→ **TASK OBJECTIVE**:
Copy exactly the line that contains "Кашемировый пуловер hm, размер s/m" plus all remaining lines of the data, and leave out every line before it.

→ **GIVEN DATA**:
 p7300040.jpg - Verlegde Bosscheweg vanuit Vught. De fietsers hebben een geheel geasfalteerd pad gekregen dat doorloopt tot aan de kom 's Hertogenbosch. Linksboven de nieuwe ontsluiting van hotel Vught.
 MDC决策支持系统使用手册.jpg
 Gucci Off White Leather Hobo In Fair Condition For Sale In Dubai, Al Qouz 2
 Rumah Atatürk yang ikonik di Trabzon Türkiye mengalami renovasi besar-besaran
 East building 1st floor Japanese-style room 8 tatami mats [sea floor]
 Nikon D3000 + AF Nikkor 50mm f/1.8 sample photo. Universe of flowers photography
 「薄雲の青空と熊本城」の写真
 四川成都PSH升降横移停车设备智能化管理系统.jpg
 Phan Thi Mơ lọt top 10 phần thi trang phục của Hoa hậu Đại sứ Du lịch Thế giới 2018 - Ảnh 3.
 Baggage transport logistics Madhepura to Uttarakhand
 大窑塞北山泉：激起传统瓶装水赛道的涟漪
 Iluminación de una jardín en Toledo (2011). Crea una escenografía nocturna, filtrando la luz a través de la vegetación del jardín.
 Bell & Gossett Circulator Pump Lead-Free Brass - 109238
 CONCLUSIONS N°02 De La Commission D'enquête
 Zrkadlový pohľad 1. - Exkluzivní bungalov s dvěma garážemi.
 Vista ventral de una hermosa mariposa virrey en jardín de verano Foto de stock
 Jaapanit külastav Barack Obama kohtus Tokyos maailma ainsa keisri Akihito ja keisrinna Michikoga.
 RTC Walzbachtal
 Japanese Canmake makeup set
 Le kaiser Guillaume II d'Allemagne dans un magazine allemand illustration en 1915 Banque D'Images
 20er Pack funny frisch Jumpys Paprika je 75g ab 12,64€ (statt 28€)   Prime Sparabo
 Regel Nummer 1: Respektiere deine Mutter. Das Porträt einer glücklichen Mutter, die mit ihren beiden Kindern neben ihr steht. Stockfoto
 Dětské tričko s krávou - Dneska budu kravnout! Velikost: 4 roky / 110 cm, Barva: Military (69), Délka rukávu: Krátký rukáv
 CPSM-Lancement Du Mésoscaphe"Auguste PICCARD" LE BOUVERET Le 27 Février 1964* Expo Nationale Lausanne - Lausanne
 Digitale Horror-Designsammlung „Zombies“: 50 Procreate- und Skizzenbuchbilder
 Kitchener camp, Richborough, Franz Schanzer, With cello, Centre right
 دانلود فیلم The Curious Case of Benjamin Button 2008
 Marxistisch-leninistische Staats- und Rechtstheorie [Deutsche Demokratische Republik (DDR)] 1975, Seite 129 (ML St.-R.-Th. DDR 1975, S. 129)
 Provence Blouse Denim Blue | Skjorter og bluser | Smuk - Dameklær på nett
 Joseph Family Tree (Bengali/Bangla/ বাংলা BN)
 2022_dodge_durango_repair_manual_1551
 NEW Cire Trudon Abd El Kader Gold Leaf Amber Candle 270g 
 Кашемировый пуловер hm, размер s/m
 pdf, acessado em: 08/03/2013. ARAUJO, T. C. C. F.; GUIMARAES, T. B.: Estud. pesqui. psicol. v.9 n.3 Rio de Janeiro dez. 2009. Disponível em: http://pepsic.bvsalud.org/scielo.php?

→ **REPLY**:
 Кашемировый пуловер hm, размер s/m
 pdf, acessado em: 08/03/2013. ARAUJO, T. C. C. F.; GUIMARAES, T. B.: Estud. pesqui. psicol. v.9 n.3 Rio de Janeiro dez. 2009. Disponível em: http://pepsic.bvsalud.org/scielo.php?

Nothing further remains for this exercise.